The Scale of the Cuts
A landmark study published in The Lancet by researchers at the Barcelona Institute for Global Health (ISGlobal), funded by the Rockefeller Foundation, has put numbers to what the development community has been fearing. Analyzing data from 93 low- and middle-income countries home to 6.3 billion people, the study projects that current aid reductions will cause between 9.4 million and 22.6 million additional deaths by 2030, depending on the severity of defunding. Under the mild scenario — a 10.6% reduction in official development assistance — 9.4 million people die who would not have otherwise, including 2.5 million children under five. Under the severe scenario, 22.6 million die, including 5.4 million children.
These are not abstract projections. Between 2002 and 2021, international aid reduced child mortality by 39%, prevented 70% of HIV/AIDS deaths, and cut malaria and nutritional deficiency deaths by 56%. The infrastructure of prevention and treatment built over two decades is now being dismantled faster than alternative systems can replace it.
The numbers behind the cuts are stark. In 2023, global official development assistance reached an all-time peak of $250.3 billion. In 2024, for the first time in 30 years, all five of the world's largest donors — France, Germany, Japan, the United Kingdom, and the United States — reduced their contributions simultaneously, except Japan. It was the first overall decrease in international aid in six years.
USAID: One Year After the Shutdown
The most visible symbol of the aid contraction is the closure of the United States Agency for International Development. In early 2025, the Trump administration cancelled approximately 83% of USAID's programs, representing some 5,200 contracts and grants. On July 1, 2025, the agency officially closed its doors. The workforce was reduced by an estimated 97%, from thousands of employees and contractors to a skeleton operation absorbed by the State Department.
The consequences for the contractor and NGO ecosystem have been severe. By April 2025, 81 international NGOs had closed at least one country office. World Vision lost 10% of its budget and laid off up to 3,000 employees, cutting HIV/AIDS and child health programs. Search for Common Ground lost $23 million overnight — a 40% reduction in its conflict resolution work. Freedom House terminated 80% of its activities. Save the Children US saw one-third of its funding frozen.

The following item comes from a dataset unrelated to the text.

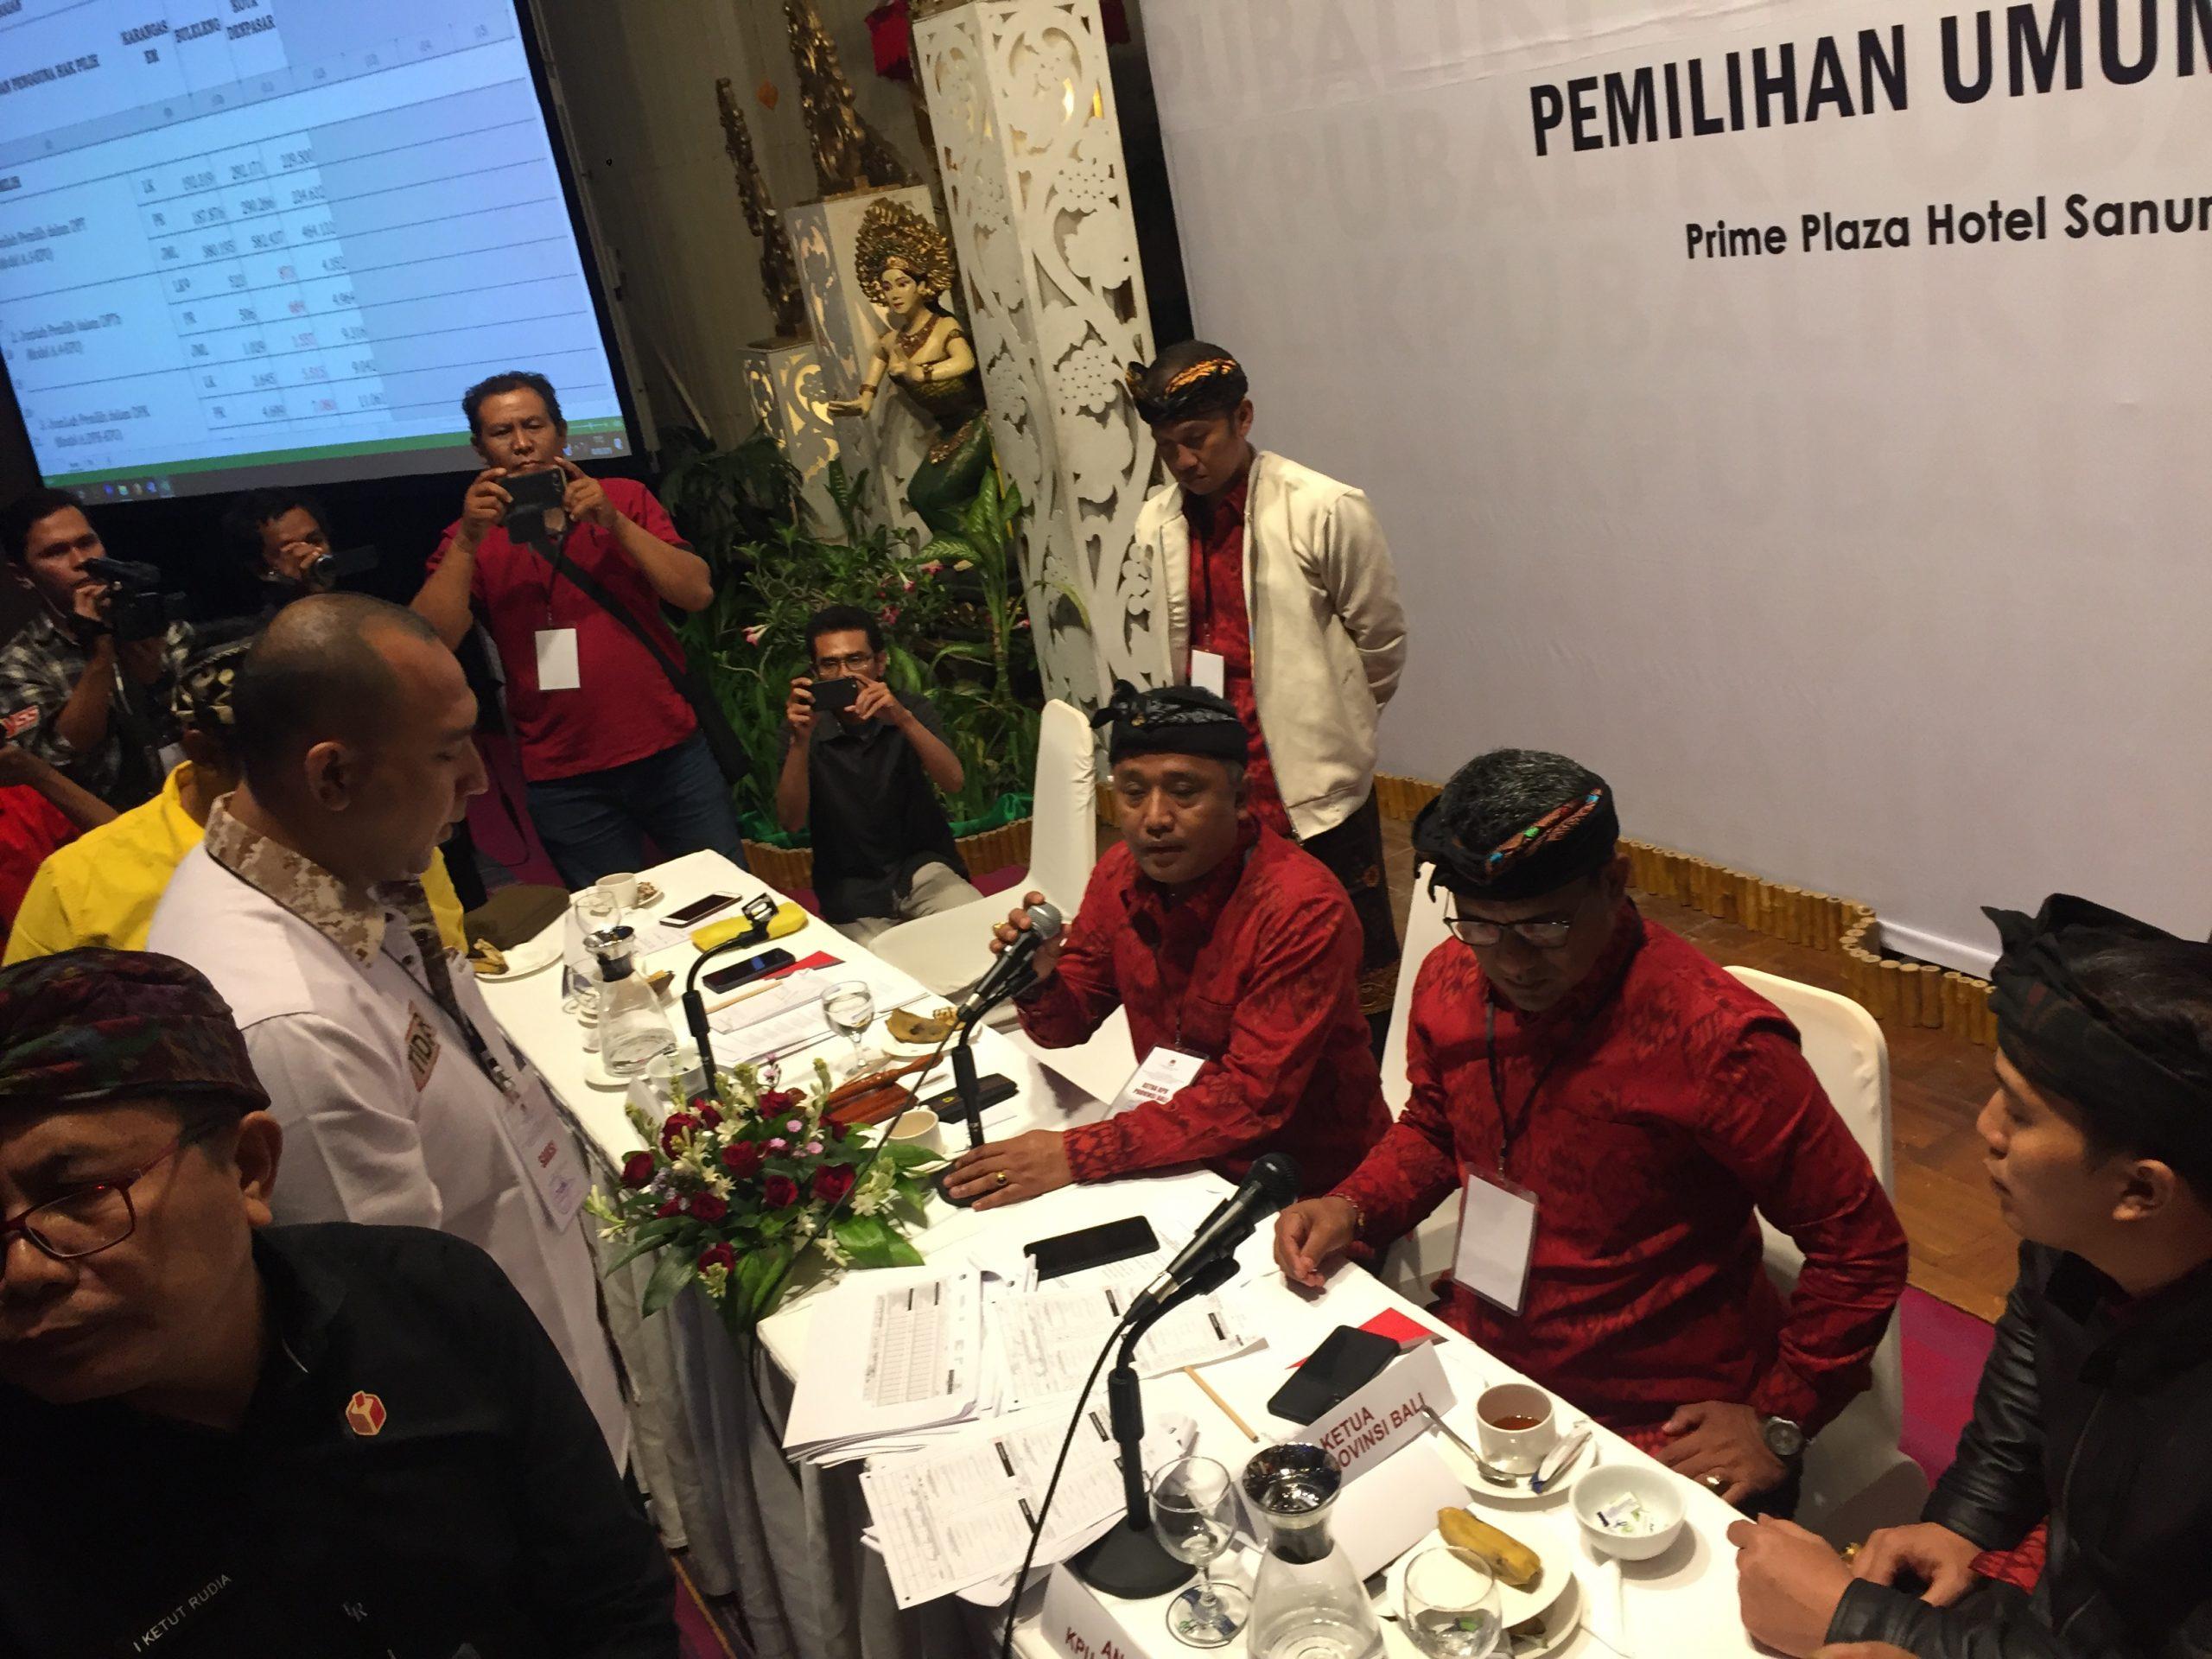 SUASANA rapat pleno penghitungan suara hasil pemilu 2019 oleh KPU Bali yang sempat tegang, karena saksi salah satu parpol menilai penyelenggara pemilu kurang profesional dalam proses penghitungan suara di salah satu TPS di Karangasem. Foto: gus hendra
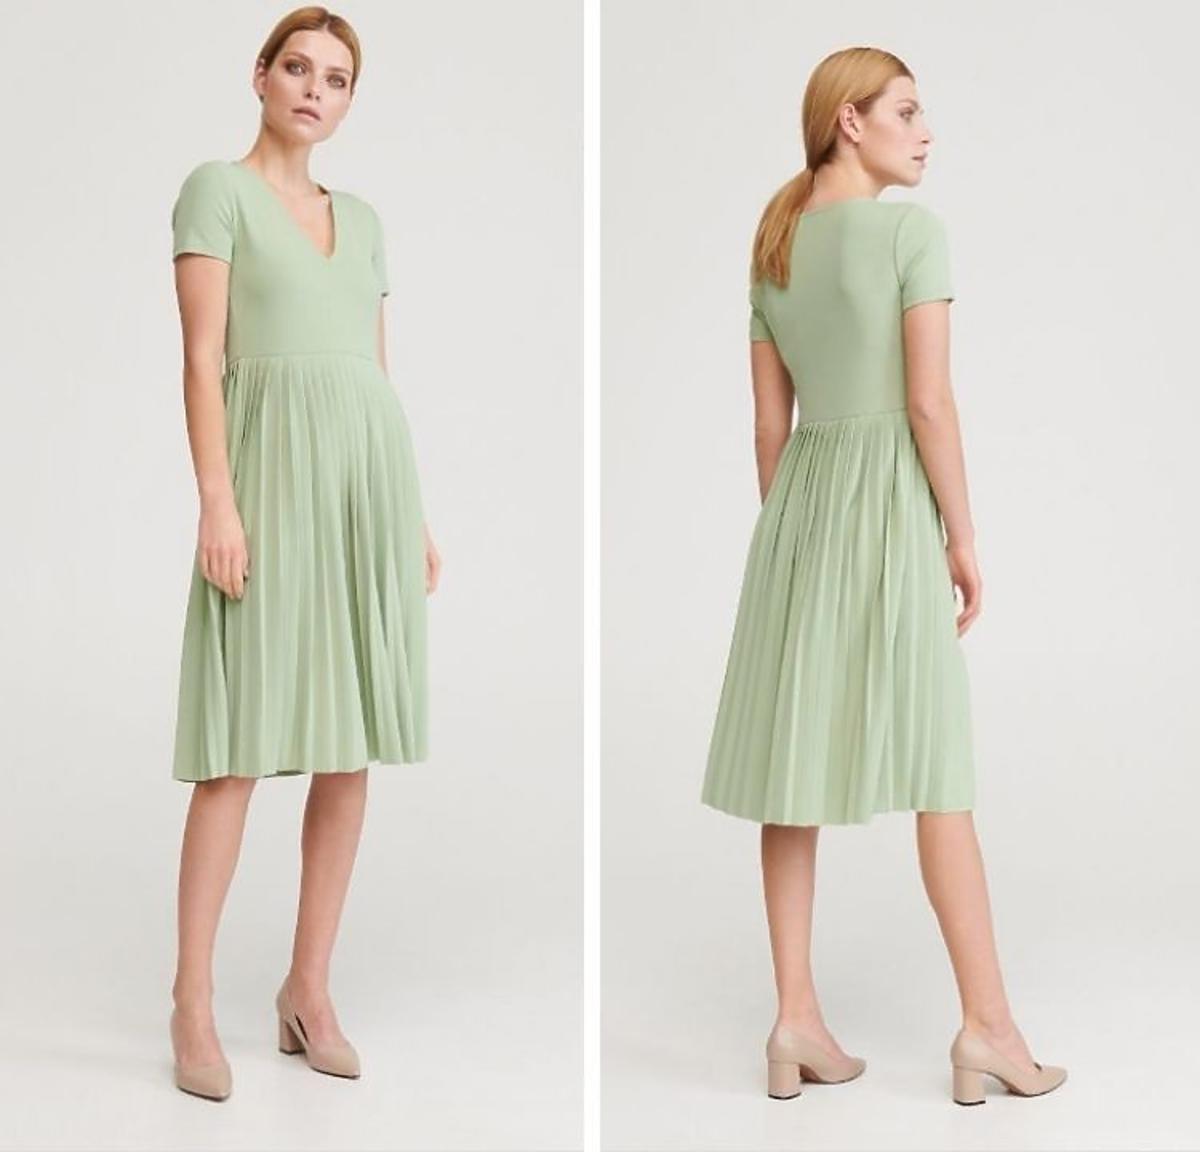 Pastelowa sukienka plisowana z Reserved

The International Rescue Committee reported that over 6 million of its clients experienced service interruptions, with 2 million losing services entirely. Health clinics, nutrition programs, schools, and protection services closed across Ukraine, Sudan, Yemen, Syria, and Afghanistan.
For procurement professionals, the USAID shutdown eliminated one of the world's largest sources of development contracts overnight. The State Department, which absorbed USAID's remaining functions, lacks the contracting infrastructure, procurement systems, and technical expertise that USAID had built over decades. Award modifications, budget reallocations, and performance monitoring that previously flowed through established systems must now be rebuilt from scratch.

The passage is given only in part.